On Tuesday, November 14, 2017 5:07:59 PM CET Ulf Hansson wrote:
> On 11 November 2017 at 00:45, Rafael J. Wysocki <rafael@xxxxxxxxxx> wrote:
> > On Fri, Nov 10, 2017 at 10:09 AM, Ulf Hansson <ulf.hansson@xxxxxxxxxx> wrote:
> >> On 8 November 2017 at 14:25, Rafael J. Wysocki <rjw@xxxxxxxxxxxxx> wrote:
> >>> From: Rafael J. Wysocki <rafael.j.wysocki@xxxxxxxxx>
> >>>
> >>> Define and document a new driver flag, DPM_FLAG_LEAVE_SUSPENDED, to
> >>> instruct the PM core and middle-layer (bus type, PM domain, etc.)
> >>> code that it is desirable to leave the device in runtime suspend
> >>> after system-wide transitions to the working state (for example,
> >>> the device may be slow to resume and it may be better to avoid
> >>> resuming it right away).
> >>>
> >>> Generally, the middle-layer code involved in the handling of the
> >>> device is expected to indicate to the PM core whether or not the
> >>> device may be left in suspend with the help of the device's
> >>> power.may_skip_resume status bit. That has to happen in the "noirq"
> >>> phase of the preceding system suspend (or analogous) transition.
> >>> The middle layer is then responsible for handling the device as
> >>> appropriate in its "noirq" resume callback which is executed
> >>> regardless of whether or not the device may be left suspended, but
> >>> the other resume callbacks (except for ->complete) will be skipped
> >>> automatically by the core if the device really can be left in
> >>> suspend.
> >>
> >> I don't understand the reason to why you need to skip invoking resume
> >> callbacks to achieve this behavior, could you elaborate on that?
> >
> > The reason why it is done this way is because that takes less code and
> > is easier (or at least less error-prone, because it avoids repeating
> > patterns in middle layers).
> >
> > Note that the callbacks only may be skipped by the core if the middle
> > layer has set power.skip_resume for the device (or if the core is
> > handling it in patch [5/6], but that's one more step ahead still).
> >
> >> Couldn't the PM domain or the middle-layer instead decide what to do?
> >
> > They still can, the whole thing is a total opt-in.
> >
> > But to be constructive, do you have any specific examples in mind?
>
> See more below.
>
> >
> >> To me it sounds a bit prone to errors by skipping callbacks from the
> >> PM core, and I wonder if the general driver author will be able to
> >> understand how to use this flag properly.
> >
> > This has nothing to do with general driver authors and I'm not sure
> > what you mean here and where you are going with this.
>
> Let me elaborate.
>
> My general goal is that I want to make it easier (or as easy as
> possible) for the general driver author to deploy runtime PM and
> system-wide PM support - in an optimized manner.
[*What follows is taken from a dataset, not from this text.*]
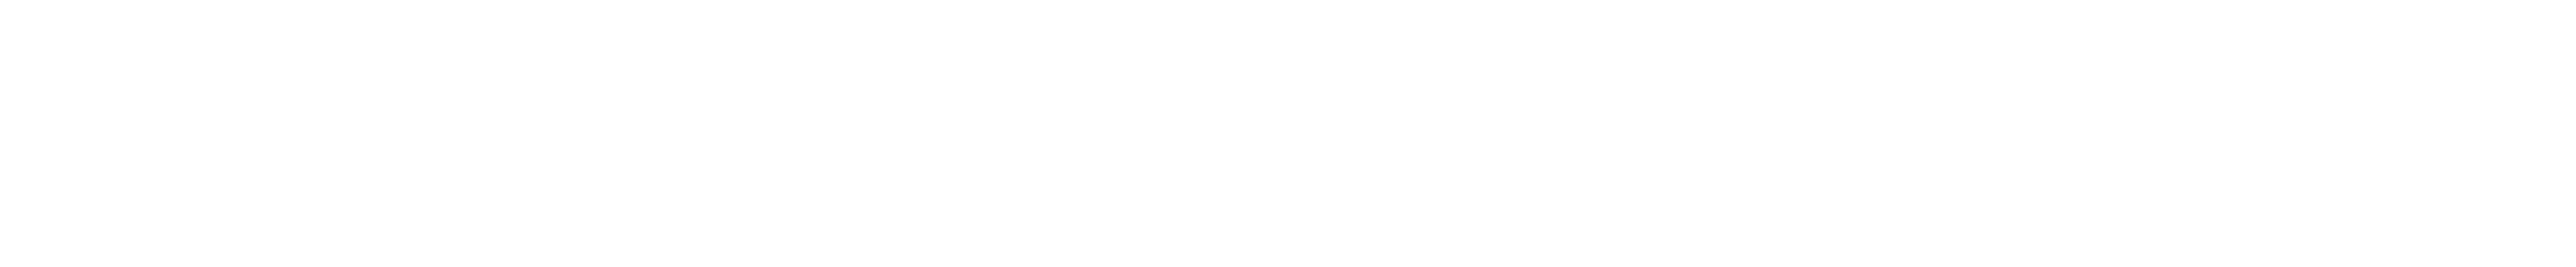 Logo Kevin Murphy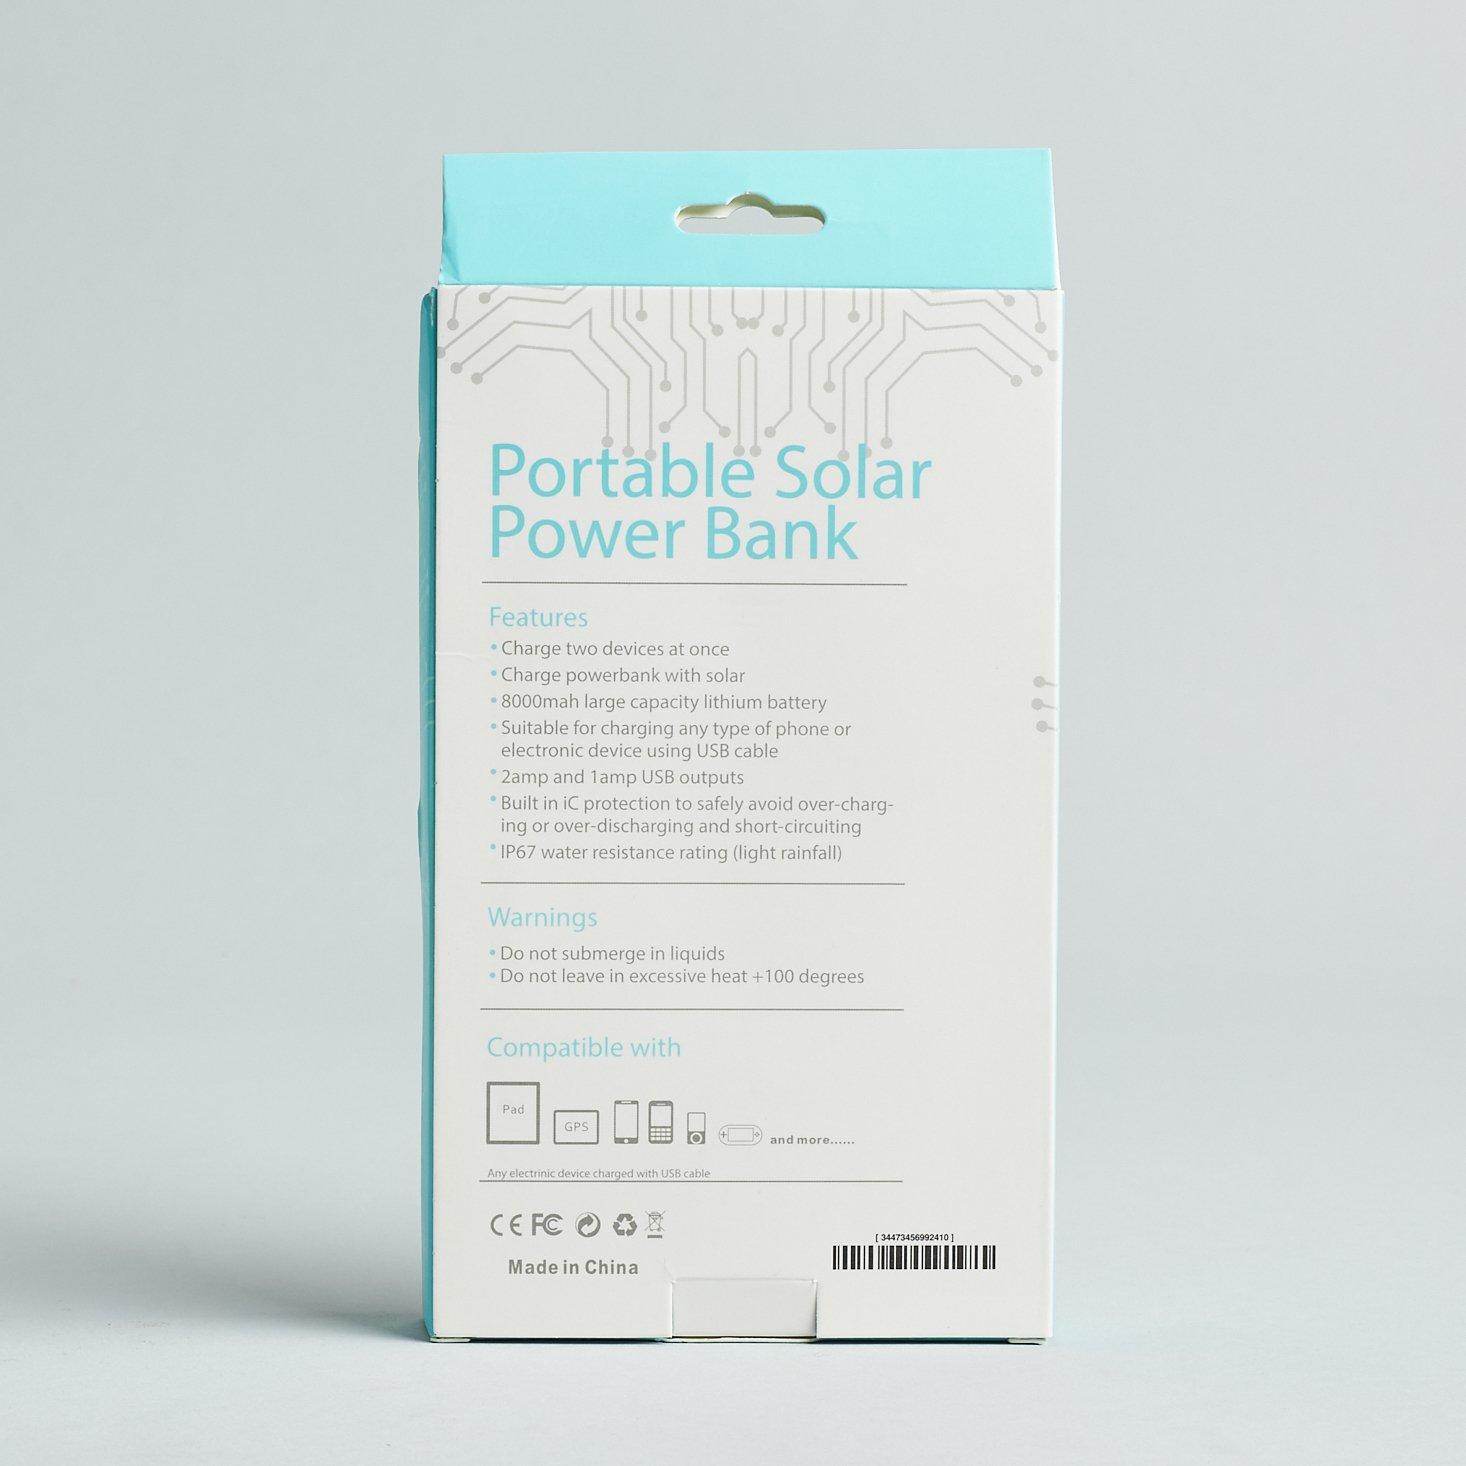 Breo Box Summer June 2021 solar charger

Therefore, I am
> pondering over the solution you picked in this series, trying to
> understand how it fits into those aspects.
>
> Particular I am a bit worried from a complexity point of view, about
> the part with skipping callbacks from the PM core. We have observed
> some difficulties with the direct_complete path (i2c dw driver), which
> is based on a similar approach as this one.

These are resume callbacks, not suspend callbacks. Also not all of them
are skipped. That is quite a bit different from skipping *all* callbacks.

Moreover, at the point the core decides to skip the callbacks, the device
*has* *to* be left suspended and there simply is no point in running them
no matter what.

That part of code can be trivially moved to middle layers, but then each
of them will have to do exactly the same thing. I don't see any reason to
do that and I'm not finding one in your comments. Sorry.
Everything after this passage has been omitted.